Goal of the exercise: Look in the data below for the line that has "Esculaap Socke – Grün", then print exactly every line from there through the line that has "an elderly man", leaving pictures out.

Given entries:
○ ○ ○ ○ ○ ○ ○

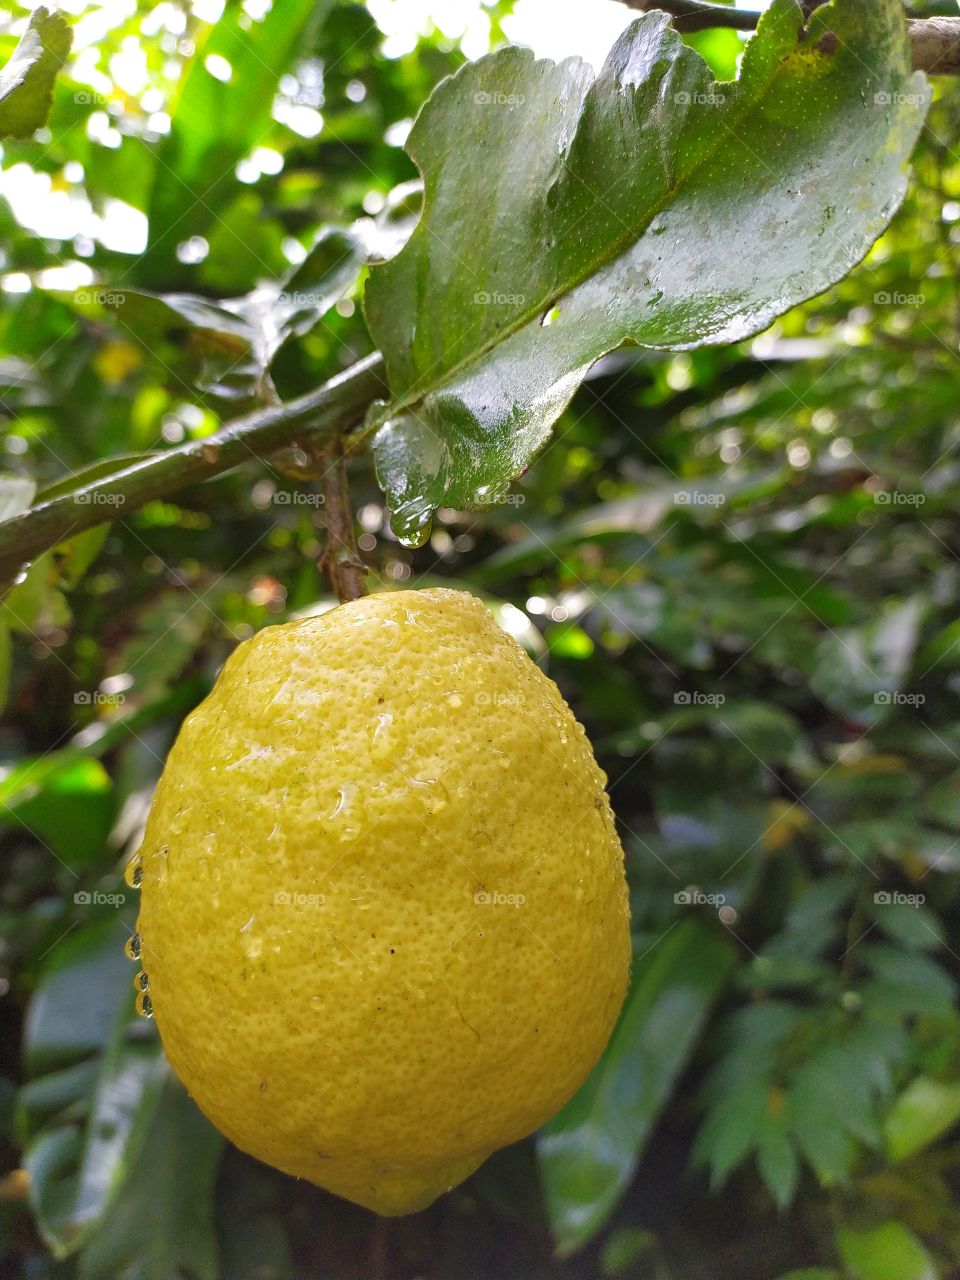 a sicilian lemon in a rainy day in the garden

○ ○ ○ ○ ○ ○ ○

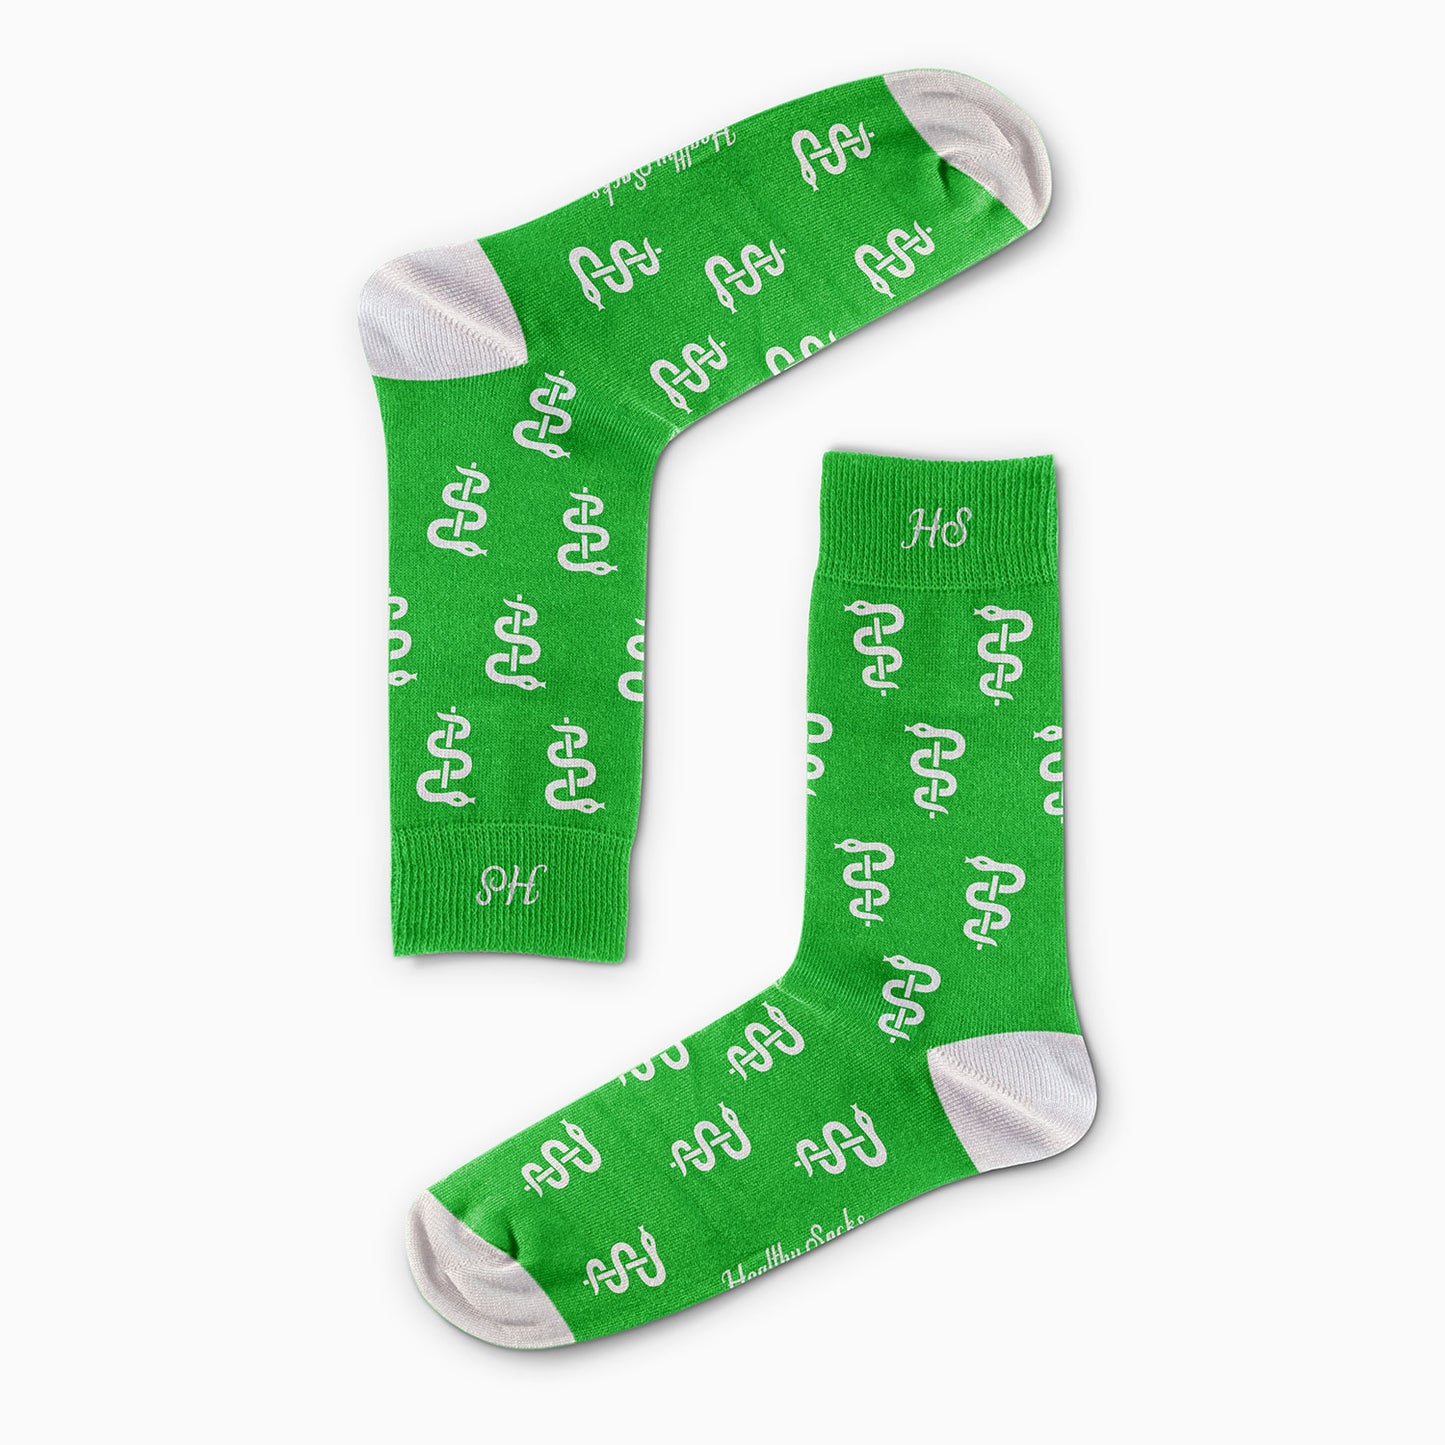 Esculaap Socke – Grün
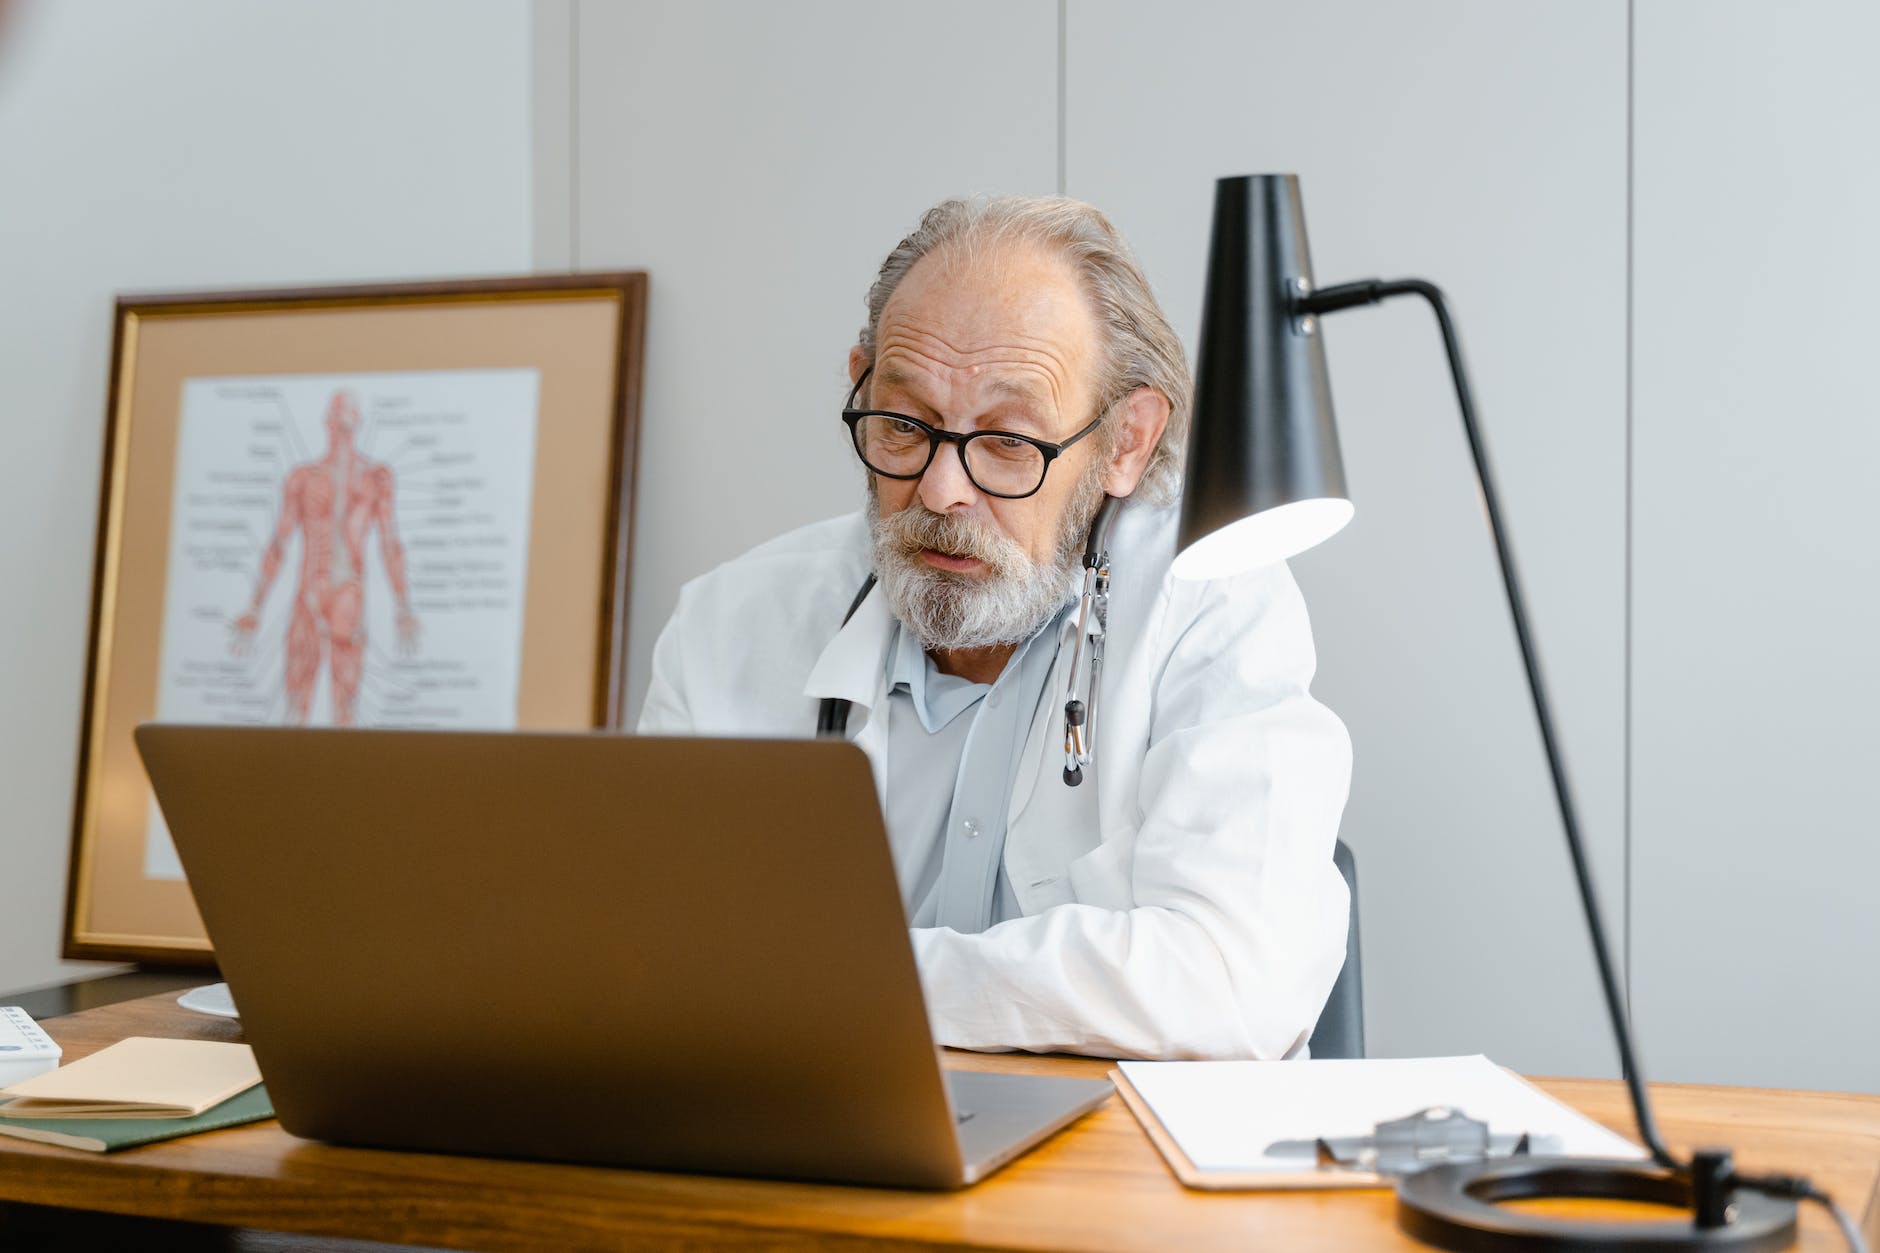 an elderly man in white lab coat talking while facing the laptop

○ ○ ○ ○ ○ ○ ○

Solution to this exercise:
 Esculaap Socke – Grün
 an elderly man in white lab coat talking while facing the laptop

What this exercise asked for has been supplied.